Кальдур не тронулся с места, пытаясь испепелить взглядом Викара.
— Иди или будешь ссать под себя. У моих парней не займет много времени отбить тебе почки и всякое желание вести себя так противно, — Викар махнул головой и Кальдура пихнули ко входу. —Лучше подумай, как будешь впечатлять своих палачей рассказом про полёт и как вы распугали монодонов, потому что до сраных ворот скоро уже никому не будет дела.
Кальдур стиснул зубы, зажал нос рукой и вошёл в тёмное помещение, надеясь скорее закончить свои дела.
— Жаль, что вы свой сраный Дворец не прихватили, — бросил ему в спину Викар. — Как же не по себе, пока эта штука висит над головой.
***
К обеду, когда жара стала набирать обороты даже в тени, их посетил ещё один гость.
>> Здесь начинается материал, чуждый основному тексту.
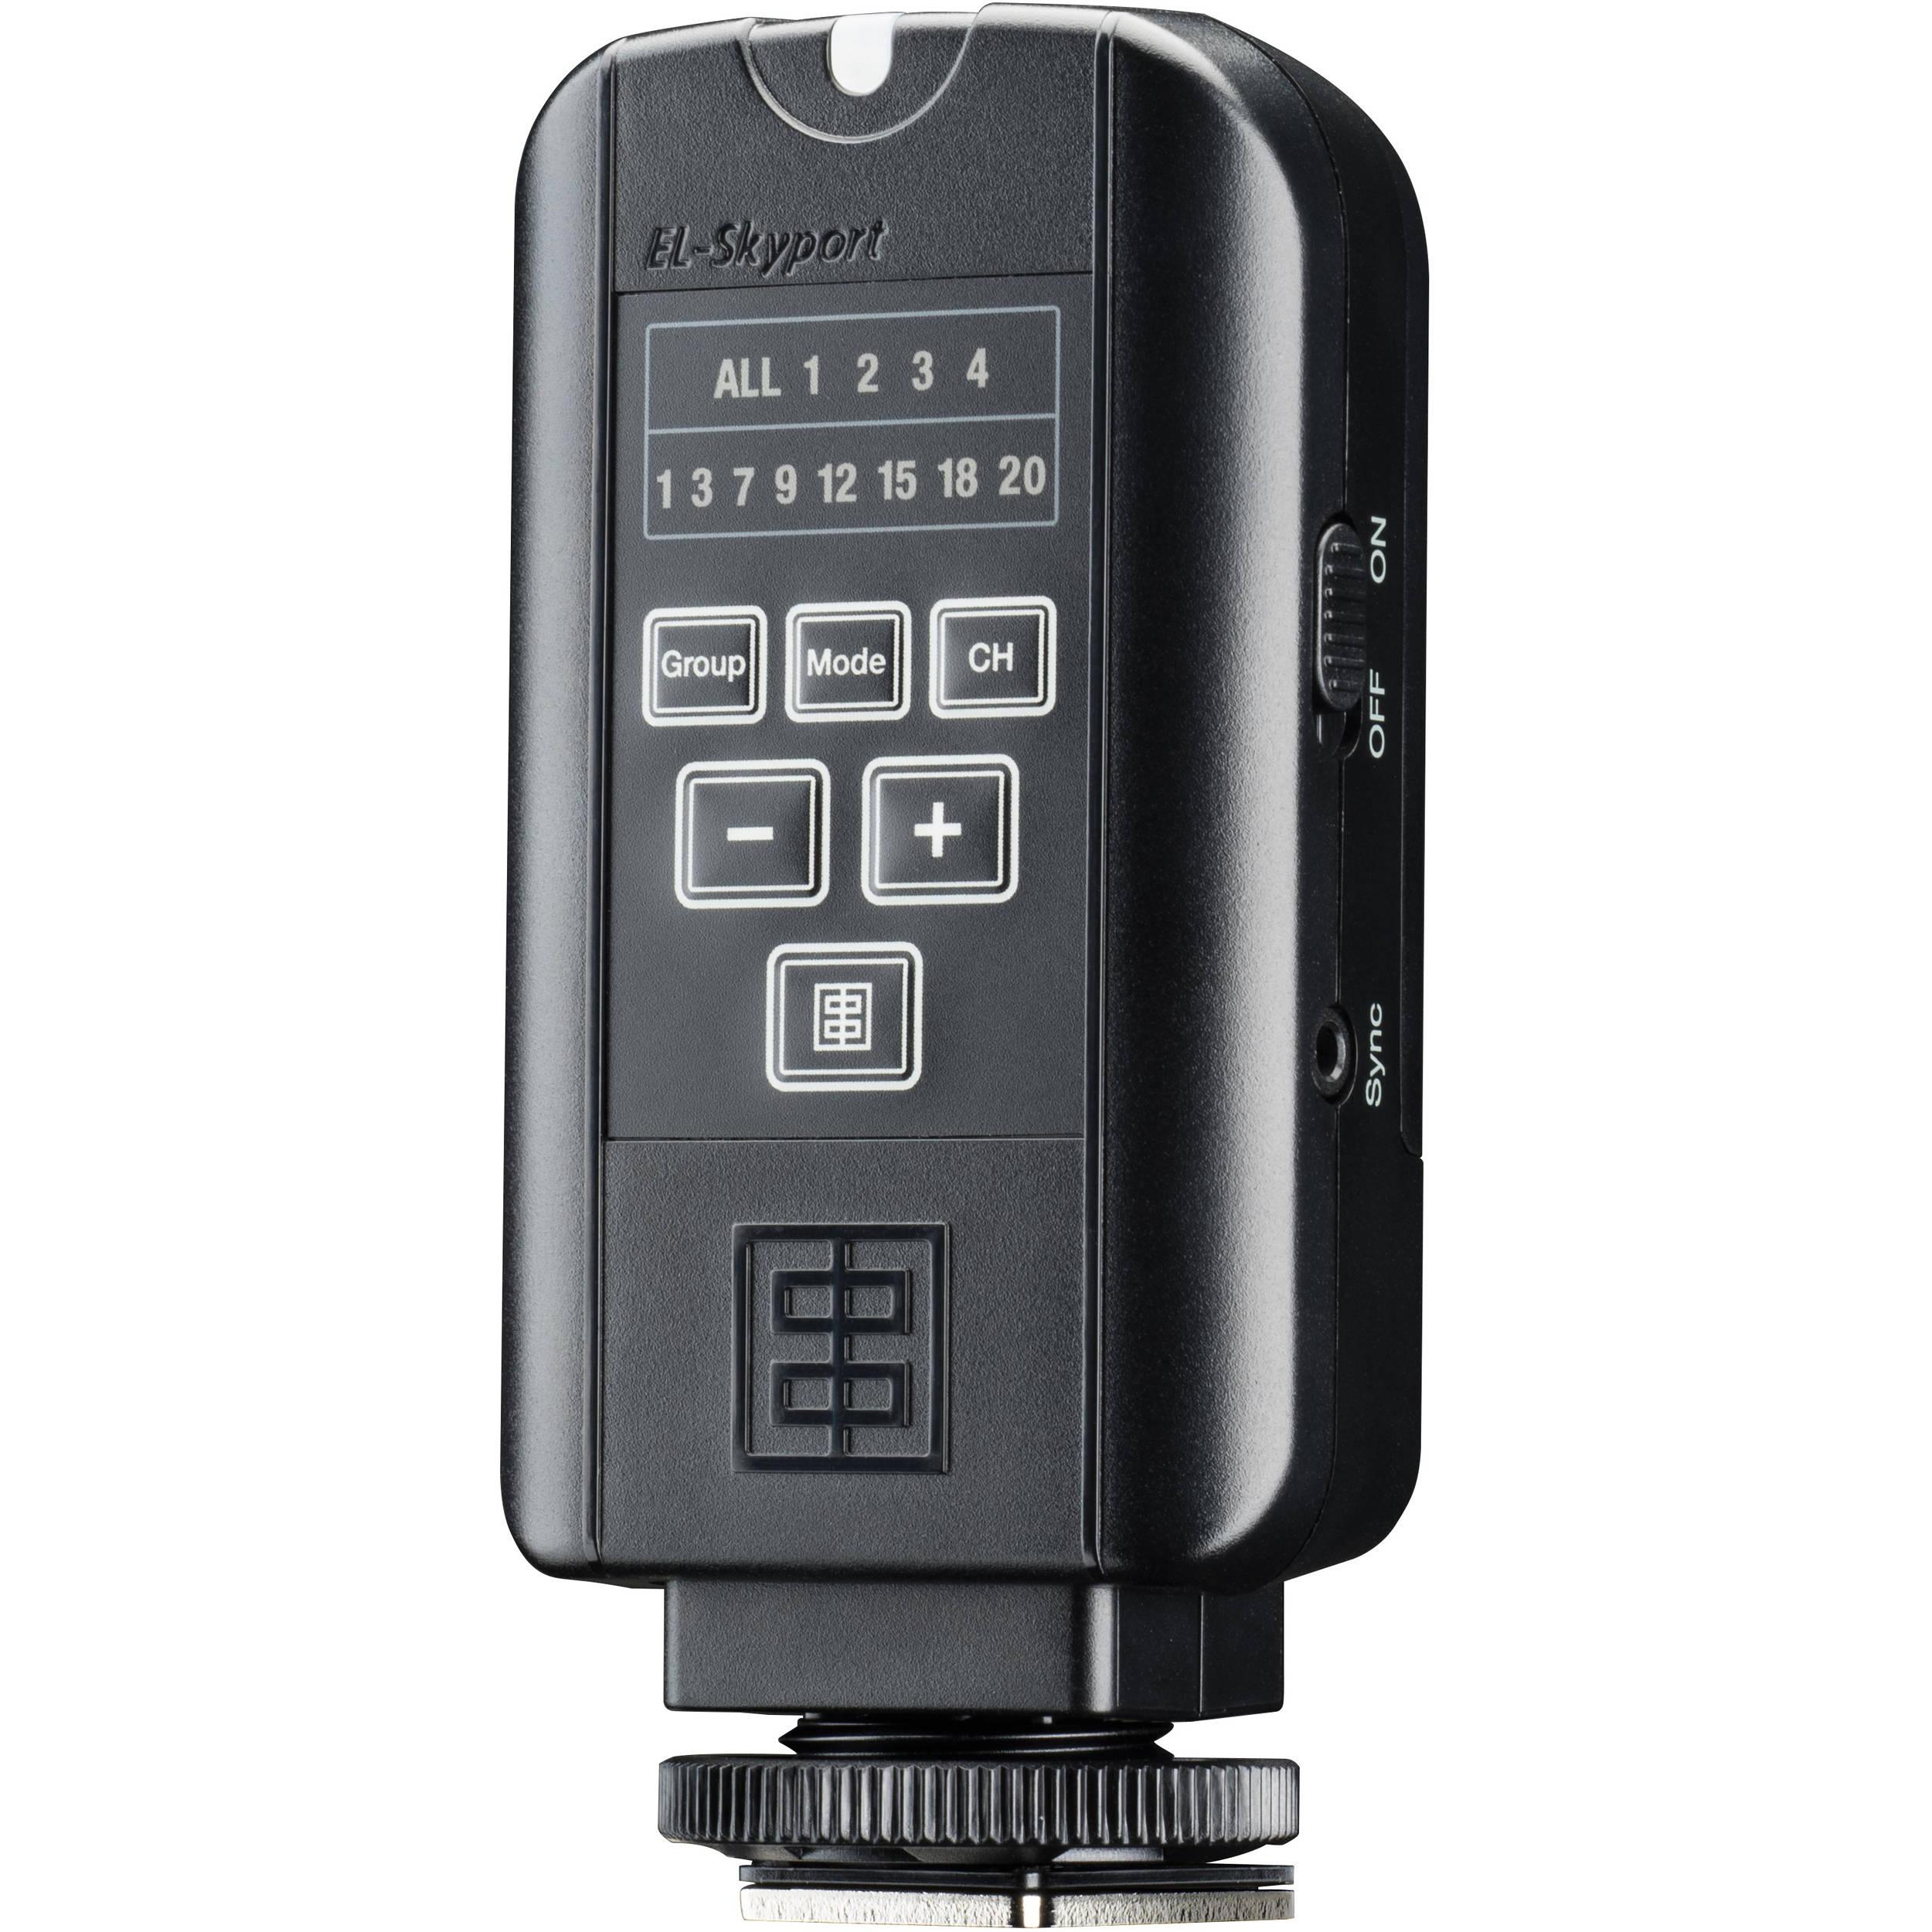 Elinchrom EL-Skyport Transmitter Plus #EL19368 Camera Flash Trigger ELSP-T

Розари встретила его взглядом полным презрения и отвернулась, совершенно не желая принимать участие в их перепалке и хоть как-то показывать, что ей вообще есть дело.
— Ну? — с давлением спросил Кальдур. — Когда ты убьёшь нас, Бирн?
Воин оскалил ему зубы и рассмеялся. Подошёл ближе, под внимательным взглядом остановившегося патруля, стиснул пудовыми кулачищами прутья решётки, словно собираясь смять их и ворваться внутрь.
— Ты так убьёшь во мне всё желание, приятель, — прошептал он. — Не порти малину. Мне что умолять тебя начать? Или дать в зубы, как ты мне дал? Чтоб черепушка захрустела вся?
— Ревностно тебе наверно, — усмехнулся Кальдур и показал ему средний палец. — Целая очередь темников, чтобы разорвать нас на куски, за ними Алазам со своей бледной шайкой, куча голодных монстров в ямах под нами, а ты где-то в самом конце, и вряд ли сможешь ухватить хотя бы кусочек. Просто ничего не останется. Не думаю, что они будут медлить, дружок. У них скоро небо на землю обрушиться, конец всего сущего близок...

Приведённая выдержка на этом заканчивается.